Trade flows are likely to remain weak in 2015. Since the global financial crisis, global trade has slowed significantly, growing by less than 4 percent in 2013 and 2014, well below the pre-crisis average growth of 7 percent per annum. The slowdown is partly due to weak demand and to what appears to be lower sensitivity of world trade to changes in global activity, finds analysis in the report. Changes in global value chains and a shifting composition of import demand may have contributed to the decline in responsiveness of trade to growth.
Commodity prices are projected to stay soft in 2015. As discussed in a chapter in the report, the unusually steep decline in oil prices in the second half of 2014 could significantly reduce inflationary pressures and improve current account and fiscal balances in oil-importing developing countries.
“Lower oil prices will lead to sizeable real income shifts from oil-exporting to oil-importing developing countries. For both exporters and importers, low oil prices present an opportunity to undertake reforms that can increase fiscal resources and help broader environmental objectives,” said Ayhan Kose, Director of Development Prospects at the World Bank.
Amongst large middle-income countries that will benefit from lower oil prices is India, where growth is expected to accelerate to 6.4 percent this year (from 5.6 percent in 2014), rising to 7 percent in 2016-17. In Brazil, Indonesia, South Africa and Turkey, the fall in oil prices will help lower inflation and reduce current account deficits, a major source of vulnerability for many of these countries.
However, sustained low oil prices will weaken activity in exporting countries.

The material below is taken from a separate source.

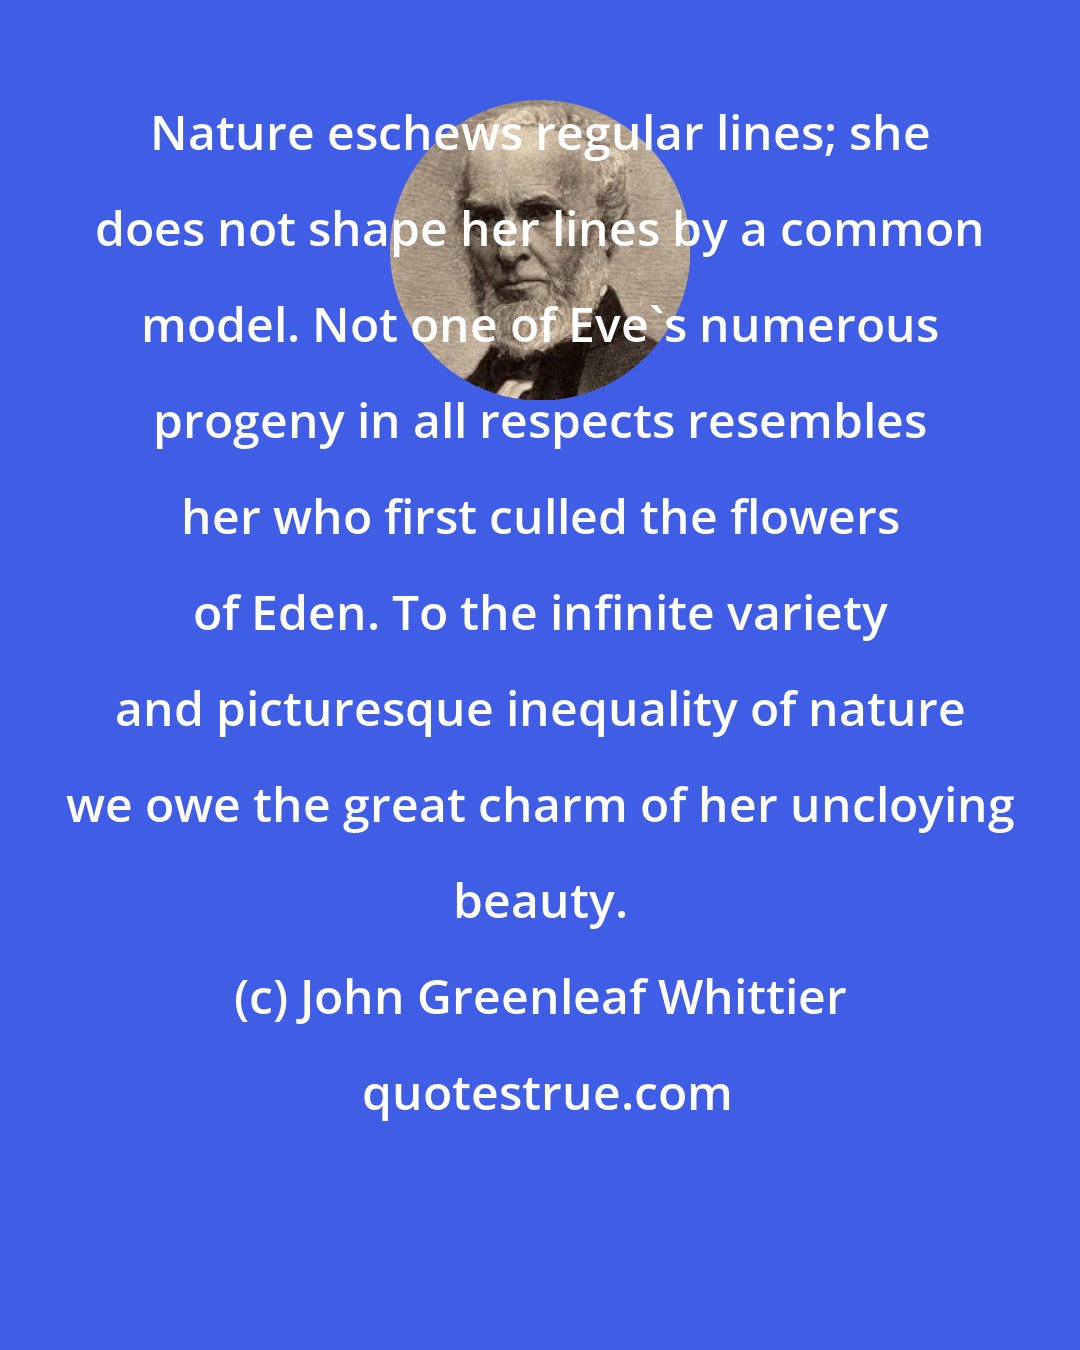 John Greenleaf Whittier: Nature eschews regular lines; she does not shape her lines by a common model. Not one of Eve's numerous progeny in all respects resembles her who first culled the flowers of Eden. To the infinite variety and picturesque inequality of nature we owe the great charm of her uncloying beauty.

For example, the Russian economy is projected to contract by 2.9 percent in 2015, getting barely back into positive territory in 2016 with growth expected at 0.1 percent.
In contrast to middle-income countries, economic activity in low-income countries strengthened in 2014 on the back of rising public investment, significant expansion of service sectors, solid harvests, and substantial capital inflows. Growth in low-income countries is expected to remain strong at 6 percent in 2015-17, although the moderation in oil and other commodity prices will hold growth back in commodity exporting low-income countries.

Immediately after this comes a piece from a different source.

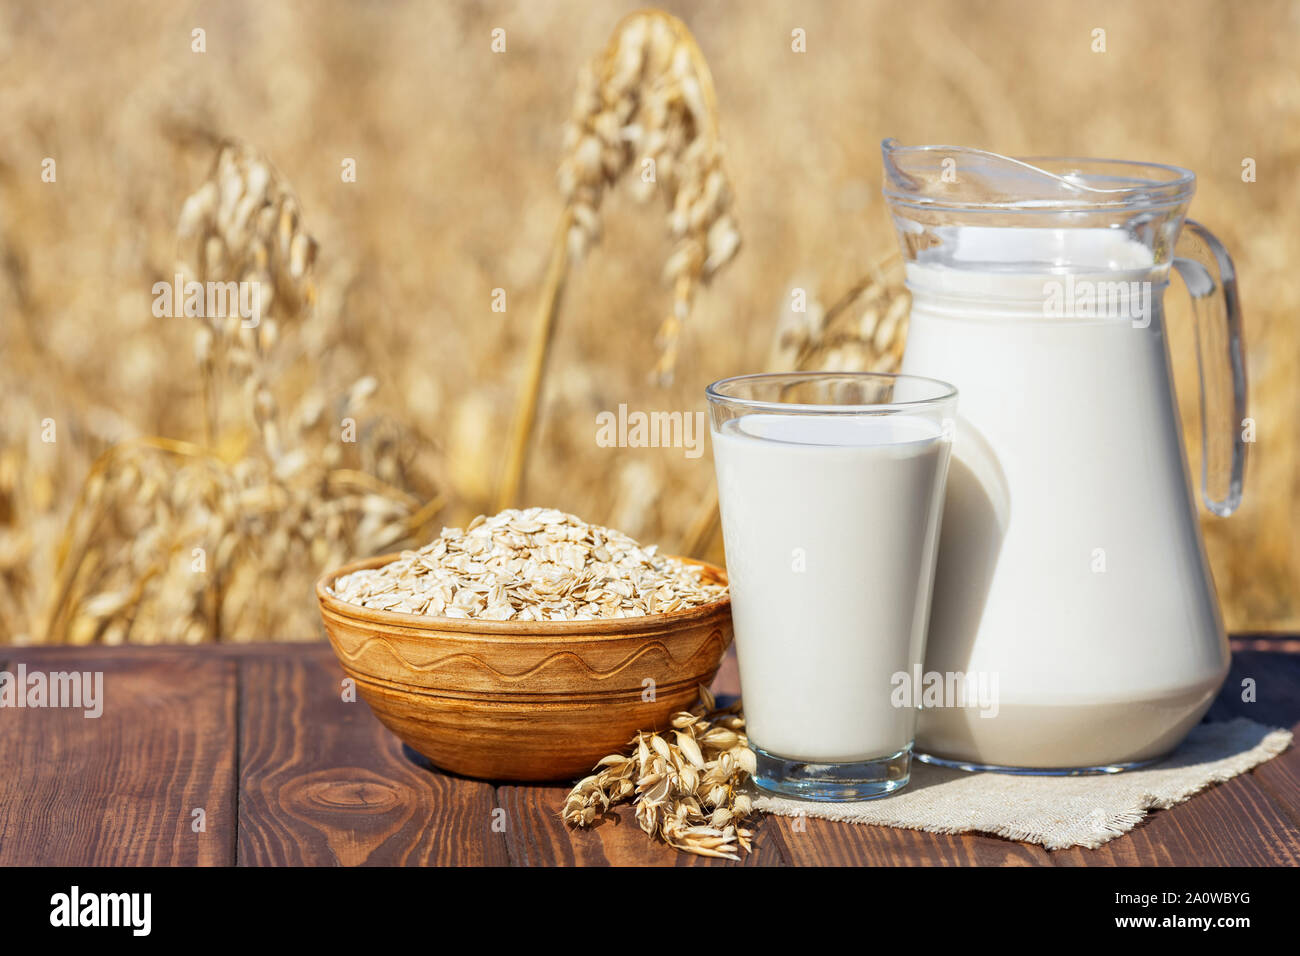 vegan oat milk in glass and jug with uncooked oatmeal in bowl on table over against ripe cereal field Stock Photo

“Risks to the global economy are considerable. Countries with relatively more credible policy frameworks and reform-oriented governments will be in a better position to navigate the challenges of 2015,” concluded Franziska Ohnsorge, Lead Author of the report.
The East Asia and Pacific region continued its gradual adjustment to slower but more balanced growth. Regional growth slipped to 6.9 percent in 2014 as a result of policy tightening and political tensions that offset a rise in exports in line with the ongoing recovery in some high-income economies. The medium-term outlook is for a further easing of growth to 6.7 percent in 2015 and a stable outlook thereafter, reflecting a gradual slowdown in China, which will be offset by a pick-up in the rest of the region in 2016-17. In China, structural reforms, a gradual withdrawal of fiscal stimulus, and continued prudential measures to slow non-bank credit expansion will result in slowing growth to 6.9 percent by 2017 (from 7.4 percent in 2014). In the rest of the region, excluding China, growth will strengthen to 5.5 percent by 2017 (from 4.6 percent in 2014) supported by firming exports, improved political stability, and strengthening investment.
Growth in developing Europe and Central Asia is estimated to have slowed to a lower-than-expected 2.4 percent in 2014 as a sputtering recovery in the Euro Area and stagnation in Russia posed headwinds. In contrast, growth in Turkey exceeded expectations despite slowing to 3.1 percent. Regional growth is expected to rebound to 3 percent in 2015, 3.6 percent in 2016 and 4 percent in 2017 but with considerable divergence. Recession in Russia holds back growth in Commonwealth of Independent States whereas a gradual recovery in the Euro Area should lift growth in Central and Eastern Europe and Turkey. The tensions between Russia and Ukraine and the associated economic sanctions, the possibility of prolonged stagnation in the Euro Area, and sustained commodity price declines remain key downside risks for the region.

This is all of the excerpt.